Polacy stracili dla nich głowy. Sprawdzamy, ile trzeba wydać na Fajniaka i czy to się w ogóle opłaca
Biedronka przedstawiła następców Świeżaków i Słodziaków. Są to... Fajniaki. Sprawdzamy ile trzeba na nie wydać i zastanawiamy się, czy powtórzą sukcesy swoich poprzedników. Oraz, czy jak przy poprzednikach, wokół Fajniaków wyrośnie swego rodzaju "czarny rynek".
Emocje sięgały zenitu
Poprzednie akcje były strzałem w dziesiątkę. Cieszyły się niezwykłym powodzeniem wśród dzieci - i nie tylko! Nawet na półce u moich dziadków pojawił się Brokuł Bartek, choć najmłodsi członkowie naszej rodziny są już dawno po dwudziestce. Ba, nawet ja sam odbierałem naklejki. Wdzięczność znajomych z dziećmi, którym przekazywałem swoje zdobycze, była nieoceniona.Świeżakowe i słodziakowe szaleństwo dopadło całą Polskę. Żeby zdobyć upragnione maskotki ludzie narażali się nawet na kary. Jedna z mieszkanek Pułtuska zabrała kasjerce całe pudełko naklejek. Groziło jej wówczas za to 5 lat pozbawienia wolności. Do podobnego zdarzenia doszło rok później w Gliwicach. Tam 38-latek połasił się na 1800 cennych znaczków. Policja wykryła sprawcę w ciągu kilku dni. W mieszkaniu znaleziono maskotkę z naklejkami, których nie zdążył wymienić, podawał "Wprost"
Przyczyny niezwykłej popularności akcji tłumaczył nam dwa lata temu Robert Wasiak, szef Działu Obsługi Klienta w So What, firmie oferującej programy lojalnościowe. Mówił, że program Biedronki trafił do określonej grupy docelowej. Celował raczej w ludzi ze średnich i małych miejscowości i był bardzo popularny wśród osób z dziećmi w wieku szkolnym i przedszkolnym. To, wraz z połączeniem z pasją kolekcjonowania, która jest bardzo mocna w wieku szkolnym, dało akcji sukces.

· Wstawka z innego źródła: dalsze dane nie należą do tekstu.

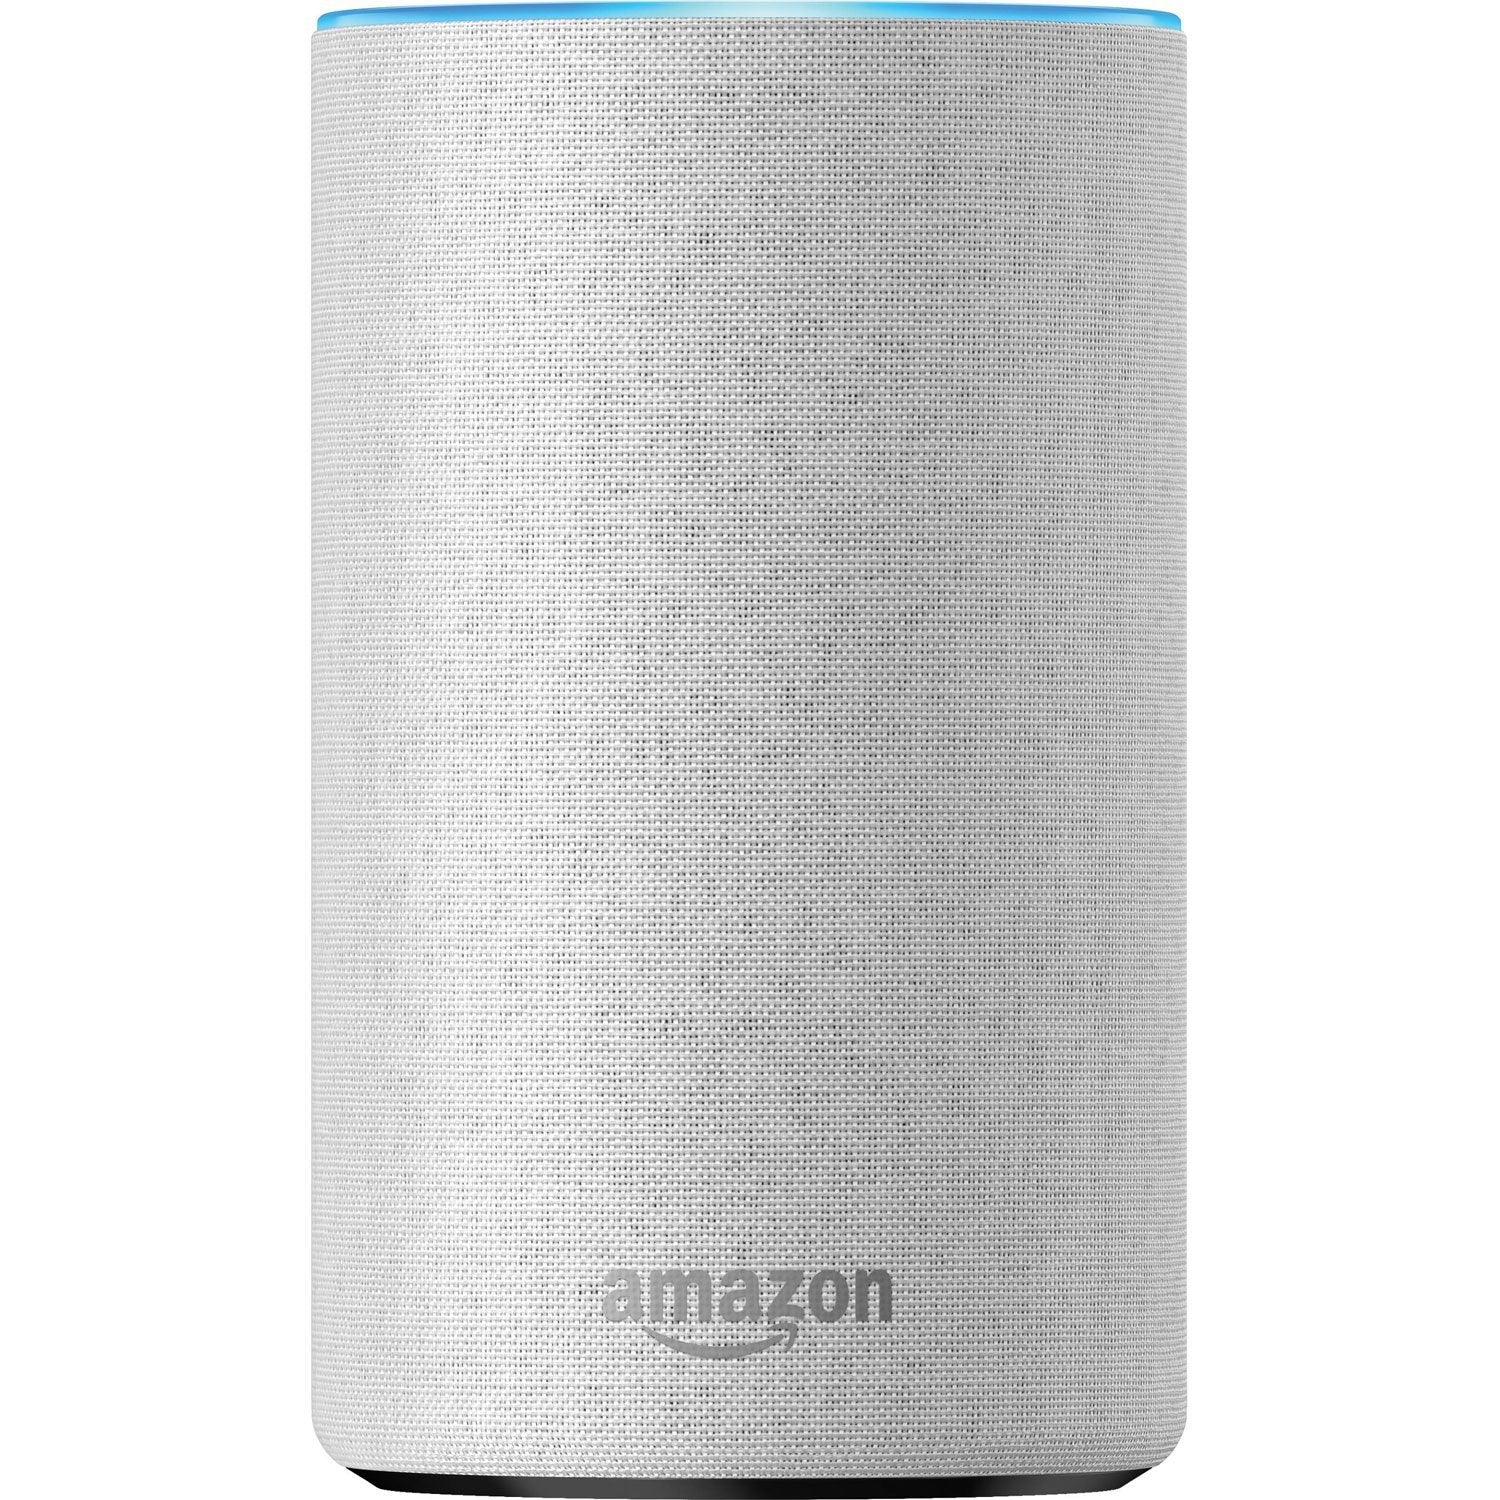 All New Amazon Echo 2nd Generation 2017 Sandstone with improved sound powered by Dolby

– Nie można również zapomnieć o silnym wsparciu medialnym programu, dzięki któremu udało się stworzyć modę na Świeżaki. Również nazwa samych maskotek jest bardzo trafiona. Wszystkie te składowe przyczyniły się do sukcesu akcji – wyjaśniał nasz rozmówca.
Ile trzeba wydać, by otrzymać maskotkę
Żeby dostać naklejkę należy wydać jednorazowo w sklepie 50 zł. Fajniaka odbiera się za 60 naklejek. Z prostego rachunku wynika, że bonus przypada po wydaniu 3 tys. zł na zakupy w sklepie. Jednak Biedronka stanęła frontem do klienta i przewidziała szybsze metody uzupełniania kolekcji.Na każde wydane 50 zł dostaje się dodatkowe naklejki za: posiadanie karty Moja Biedronka, zakup warzywa lub owocu, produktów oferty specjalnej i takich, które tworzą wartość dla polskiej gospodarki. Przy sumiennym spełnianiu wszystkich punktów, warunkiem otrzymania Fajniaka będzie wydanie co najmniej 600 zł na produkty.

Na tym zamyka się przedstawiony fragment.